# Rotating Welding Positioner



## Norppu (Jul 30, 2020)




----------



## 4ssss (Jul 30, 2020)

OK, so you need to watch a 45 minute video to make a bushing? You could have one done in half the time.


----------



## Norppu (Jul 31, 2020)

4ssss said:


> OK, so you need to watch a 45 minute video to make a bushing? You could have one done in half the time.



LOL !
It all depends on how accurate You want to make it. If You are like me who is trying to make it inside 10 microns, then it may take a tad more than 45 minutes. On the other hand, if Your tolerances are in the 100 micron region then this might be done in 20 minutes or even less. I hope that the video shows, how to make an accurate part.
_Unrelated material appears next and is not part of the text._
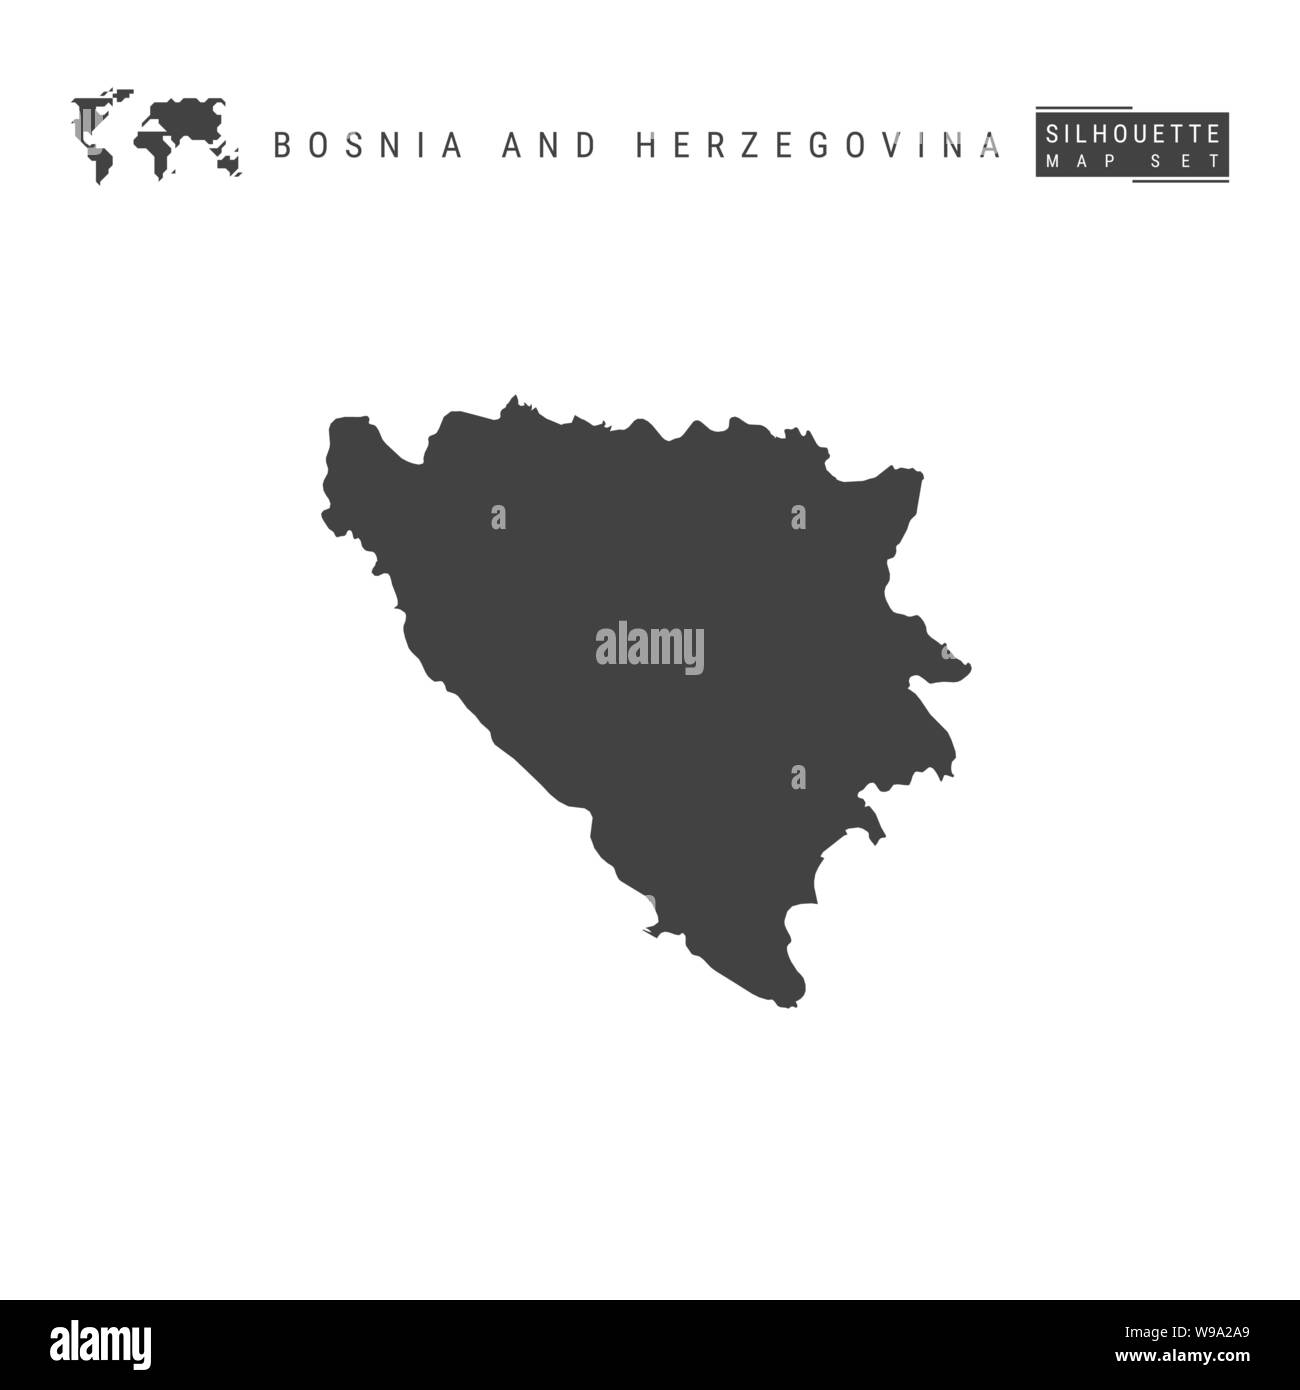 Bosnia and Herzegovina Blank Vector Map Isolated on White Background. High-Detailed Black Silhouette Map of Bosnia and Herzegovina. Stock Vector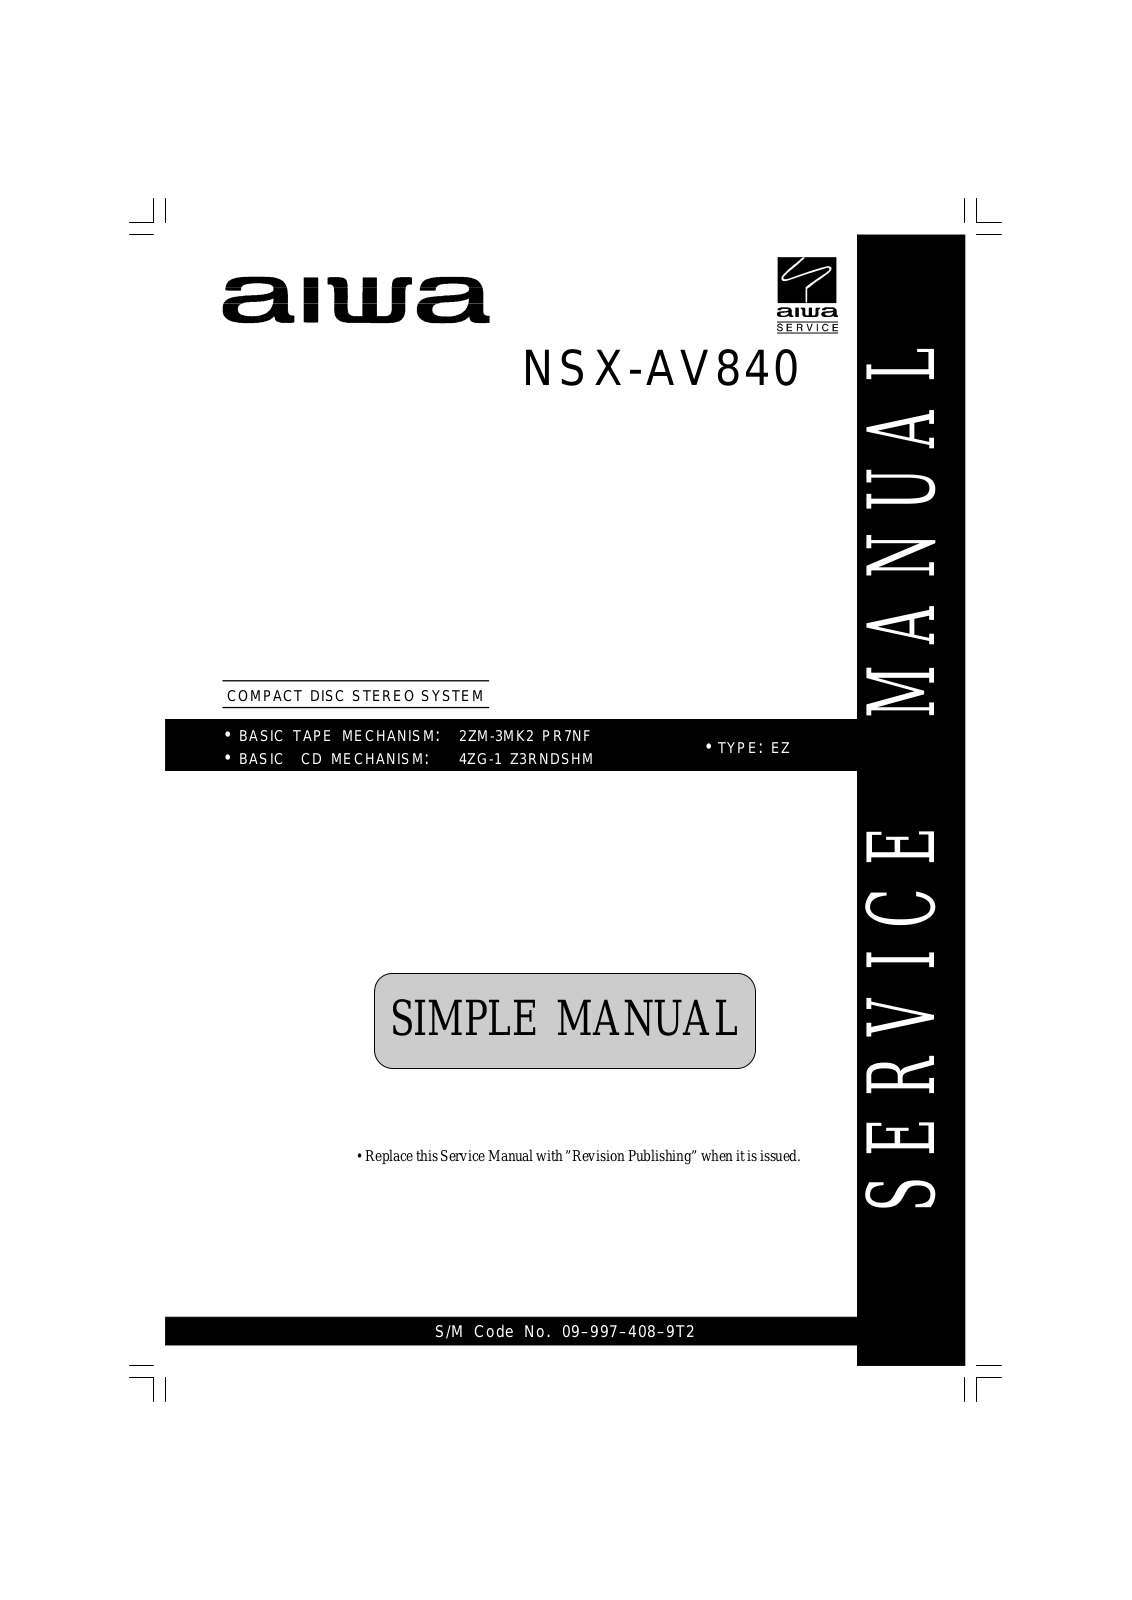 Aiwa NSXAV-840 Service manual

Nevertheless, here is yet another video about the same project, this time it is the housing for the rotating welding positioner. This time the video is shorter (21 minutes) but believe me, the turning of this thing took a LOT longer than turning that bushing. This is beacuse it is a lot bigger and because I do not have a steady rest at the moment so I had a lot of trouble with chatter.


----------



## Norppu (Aug 3, 2020)




----------



## Norppu (Aug 6, 2020)




----------



## Norppu (Aug 12, 2020)




----------



## Norppu (Aug 20, 2020)




----------



## Norppu (Aug 22, 2020)




----------



## Alcap (Aug 22, 2020)

Looking forward to seeing the completed project in action


----------



## Norppu (Aug 25, 2020)

Turning an internal thread is always somehow challenging because you may not see into the hole. For example, making a start / end groove depends largely on Your imagination. So you have to imagine what’s going to happen there at the bottom of the hole.
The main topic of this video is single point turning such a thread. The end result is, of course, a nut that is open all the way through, but I decided to turn that thread while the piece was still attached to the stock.
The video is possibly far too long considering the simplicity of the part.


----------



## Norppu (Aug 29, 2020)

*Milling bronze is a messy business*
This time I made the sliding contactor for the rotating welding positioner. The poor thing is made out of a block of bearing bronze.


----------



## Norppu (Sep 9, 2020)

*Use of the boring head and some soldering*
I made a cable to short-circuit the tapered roller bearings found at the ends of the rotating shaft of the rotating welding positioner. This cable comes between the sliding electrical contact and the bearing body.
A flat area is required for the bearing housing, which is round, so that the cable shoe makes good electrical contact with it.
So Metcal, Schaublin and Wohlhaupter UPA3 are in use.


----------



## Norppu (Sep 13, 2020)

*Change from strange to a bipolar motor*
The welding rotating positioner comes with a motor to rotate it. The torque of the motor should be proportional to its rather robust construction.
A quite robust stepper motor from Superior was found in my pile of motors. It only had one little but. Its winding was connected so that it was not compatible with commercial drivers.
A closer look showed that the winding could be easily converted to bipolar. Working for a moment with Dremel and soldering with Metcal. Works.
I have ordered a 220 volt driver made by the Chinese to get the full torque from that motor.
The engine is very quiet.


----------